Me miró con ojos de tigre y asintió gradualmente su cabeza en señal de aprobación, como si marcara con sello oficial que cumplía con los requisitos o que todo estaba en orden, aunque no dejó de observarme, como si destilara rabia contenida lo que no me intimidó porque en el fondo supe que tenía enfrente a un ser vulnerable, indeciso y por instante acorralado por el miedo. Con aire de fatiga me pidió la identificación.
Le entregué la carpeta y la revisó cautelosamente como el agente de tránsito que detiene al infractor en plena vía. Se quedó con el pasaporte y al devolverme la cédula, la autorización firmada por el director del Sebin y una carta de recomendación de un amigo suyo, me explicó que debía asegurarse de que yo ejecutara el trabajo y que no me fuera del país sin terminar mi trabajo.
-Usted puede confiar en mí porque no lo haría. Y aún cuando se presentara la ocasión, tengo aquí en Caracas a mis dos viejos, a mi mujer y las niñas, y a mi hermano menor en silla de ruedas, respondí, corriendo el riesgo de que la mentira fuese detectada. En ese instante pensé casi fugazmente en mi familia que pasaba apuros en Bogotá.
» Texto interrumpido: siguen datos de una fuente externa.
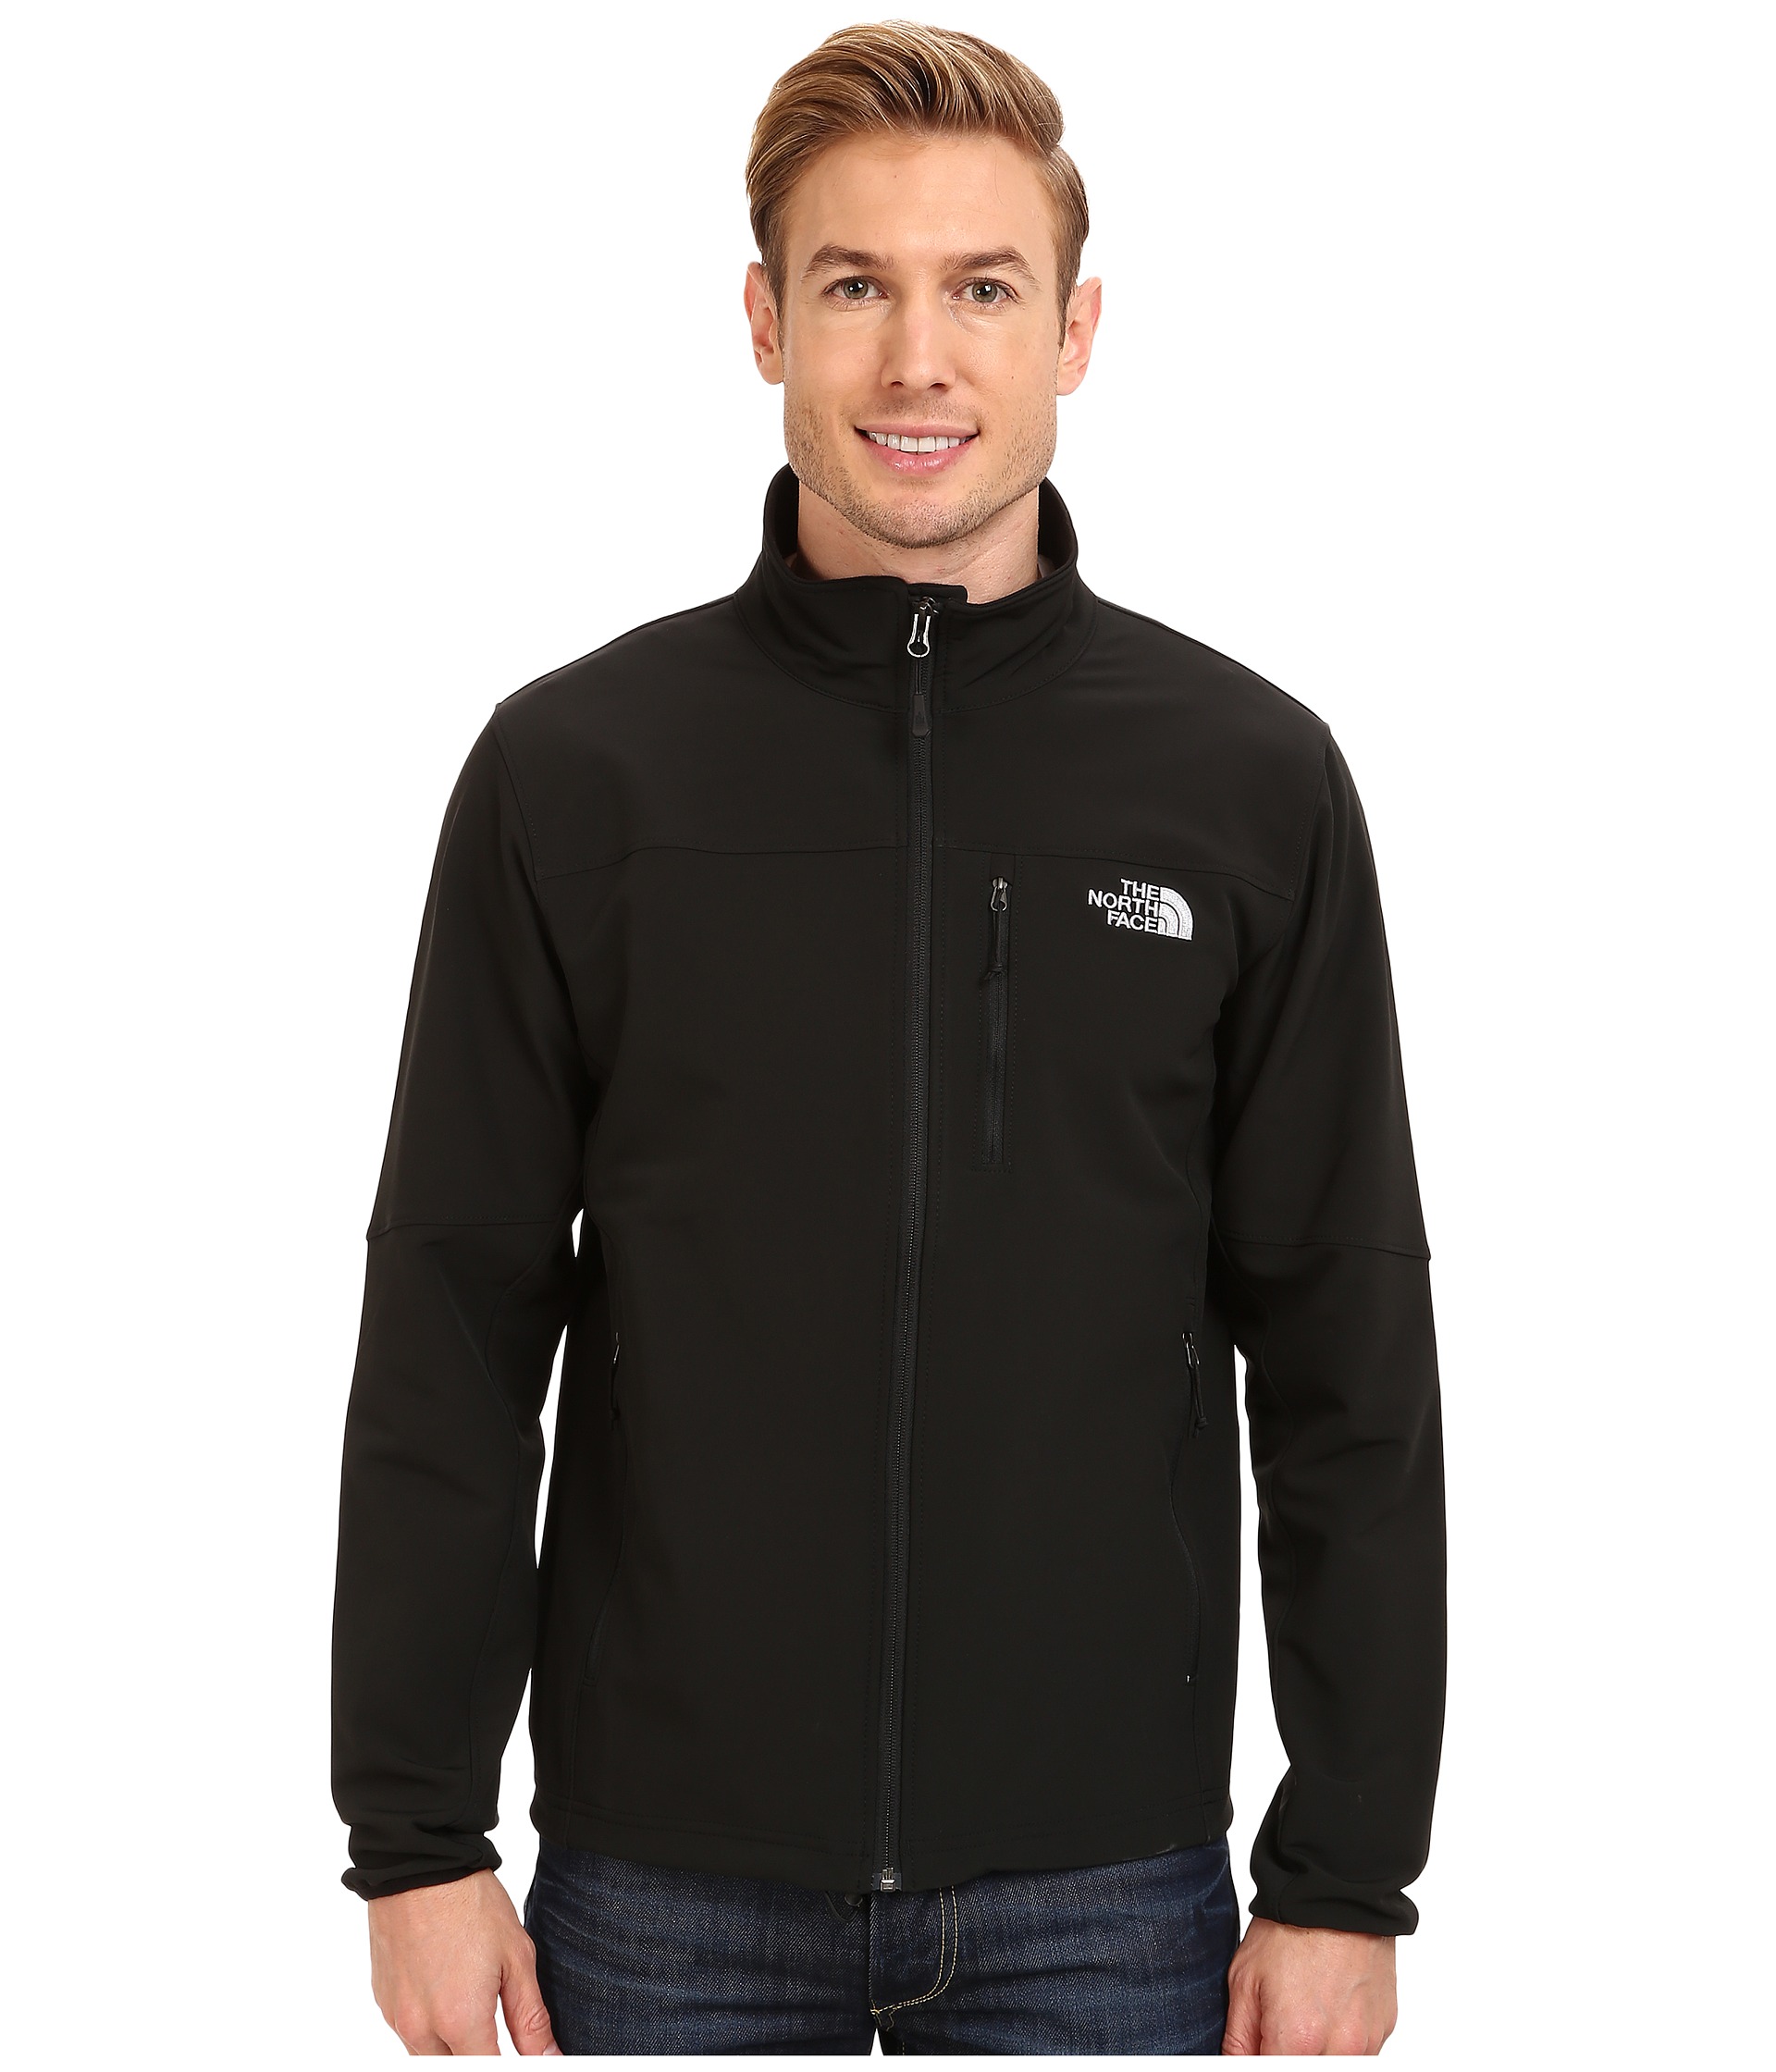 The North Face Apex Pneumatic Jacket - Zappos.com Free Shipping BOTH Ways

-Eso lo sabemos, pero comprenderás que hay gente miserable, capaz de arriesgar la vida de los suyos con tal de salvar su pellejo, exclamó volviendo a su afinación enérgica, todavía no convencido de que yo fuese la persona indicada. Hizo señas para que saliera de su despacho. Dije «gracias, doctor Curbelo», con gestos exagerados de agradecimiento y cuando iba a preguntarle si con eso me dejarían tranquilo se llevó el dedo índice a sus labios y me prohibió de forma tajante, bajo cualquier circunstancia o motivo volviera a pronunciar su nombre y apellido. Desde luego que me asusté, asentí con un movimiento de cabeza y hasta me recriminé interiormente por el error cometido. Antes de que me disculpara pulsó un timbre, apareció de inmediato un soldado quien tampoco tuvo ocasión de darle un parte porque le mandó a callar.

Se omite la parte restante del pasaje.